Rift Valley fever

Rift Valley fever (RVF) is a viral disease of humans and livestock that can cause mild to severe symptoms. 

The mild symptoms include: fever, muscle pains, and headaches which often last for up to a week. 

Severe symptoms may include: loss of sight beginning three weeks after the infection, infections of the brain, causing severe headaches, confusion, bleeding and liver problems which may occur within the first few days. 

Bleeding associated with a mortality as high as 50%.

The disease is caused by the RVF virus, spread by either touching infected animal blood, breathing in the air around an infected animal being butchered, drinking raw milk from an infected animal, or the bite of infected mosquitoes. 

Contact with infected tissue is considered to be the main source of human infections.

Outbreaks of the disease have only occurred in Africa and Arabia. 

Outbreaks usually occur during periods of increased rain which increase the number of mosquitoes.

Animals such as cows, sheep, goats, and camels may be affected. 

Spread is mostly by mosquitoes.

It does not appear to be transmissible from one person to another.

The disease is diagnosed by finding antibodies against the virus or the virus itself in the blood.

Prevention of the disease in humans is accomplished by vaccinating animals against the disease. 

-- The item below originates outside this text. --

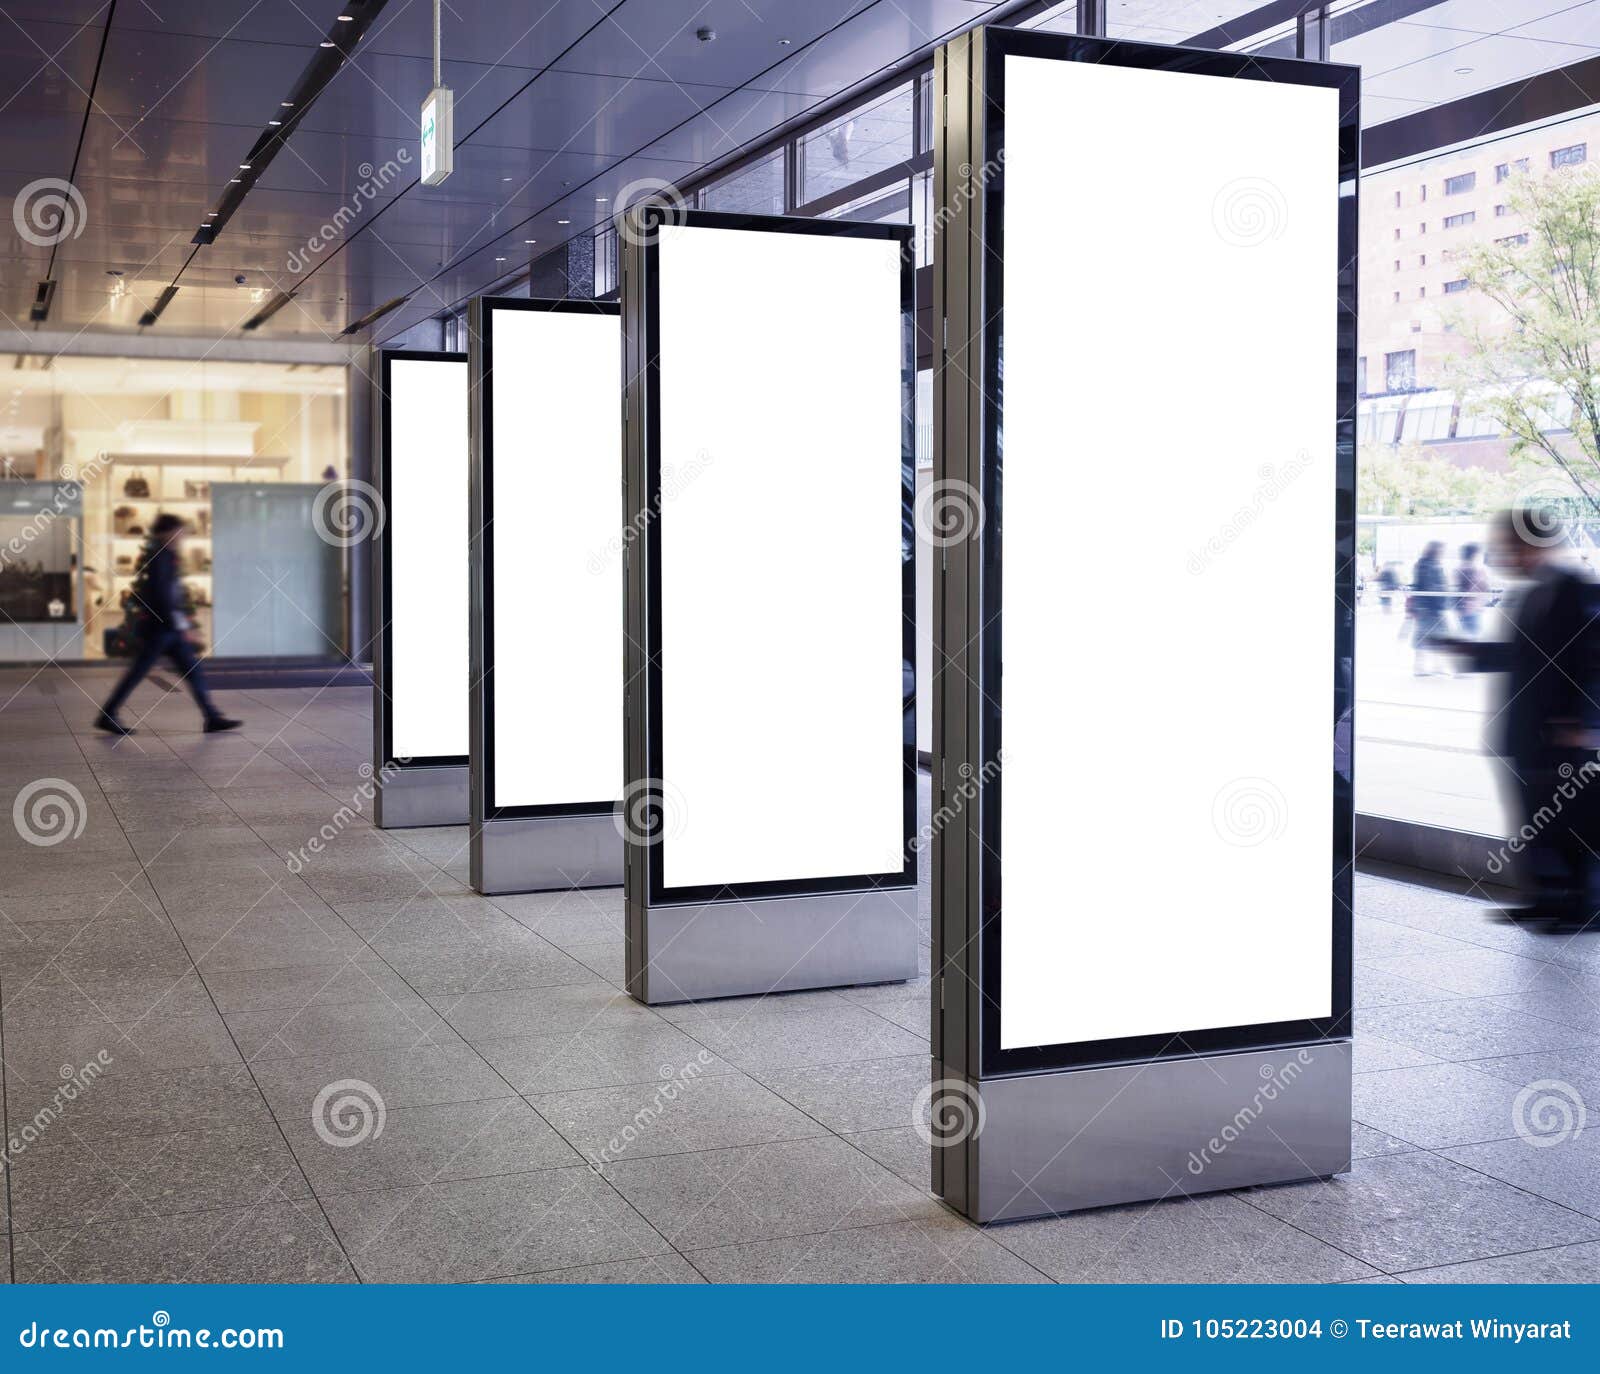 mock up blank banners display in public building with people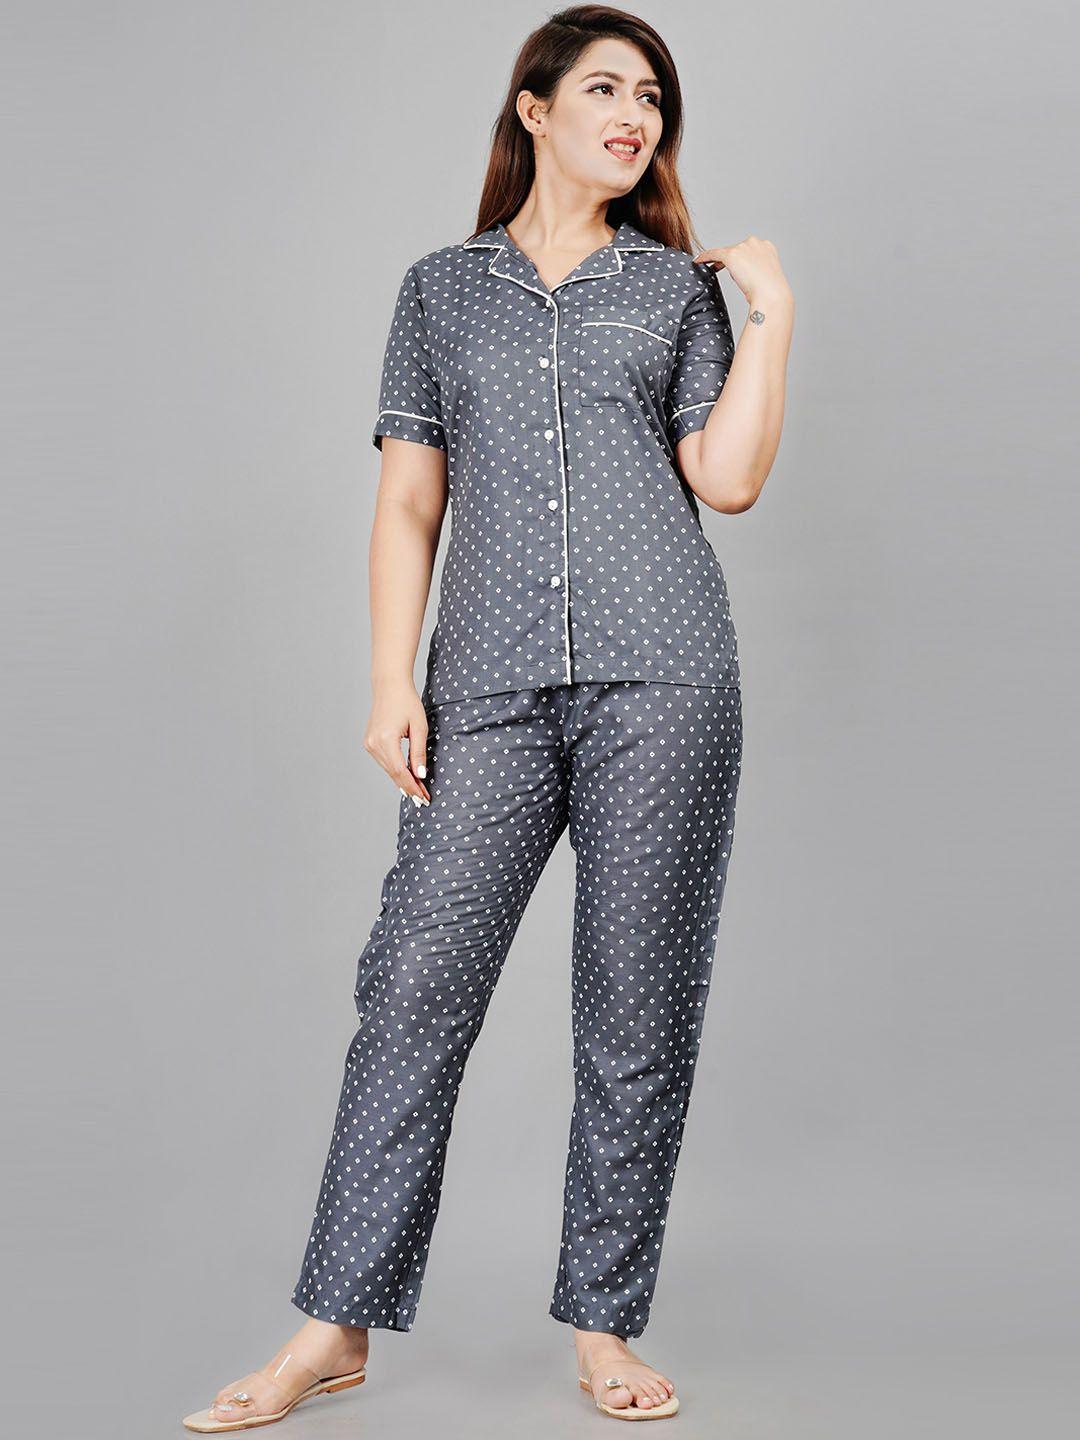 trend-me-polka-dots-printed-pure-cotton-night-suit

Restricting the movement of animals during an outbreak may also be useful, as may decreasing mosquito numbers and avoiding their bites. 

There is a human vaccine available that is not not widely available. 

There is no specific treatment and medical efforts are supportive.

The virus can cause several syndromes. 

Usually, there are no symptoms or only a mild illness with fever, headache, muscle pains, and liver abnormalities. 

In a small percentage of cases (< 2%), the illness can progress to hemorrhagic fever syndrome, meningoencephalitis, or affect the eye. 

Patients who become ill usually experience fever, generalized weakness, back pain, dizziness, and weight loss at the onset of the illness. 

Typically recovery occurs within two to seven days after onset. 

About 1% of people with the disease die of it. 

In livestock, the fatality level is significantly higher. 

Pregnant livestock infected with RVF abort virtually 100% of fetuses. 

An animal disease epidemic of RVF is usually first indicated by a wave of unexplained abortions, and other 

signs include vomiting and diarrhea, respiratory disease, fever, lethargy, anorexia and sudden death in young animals.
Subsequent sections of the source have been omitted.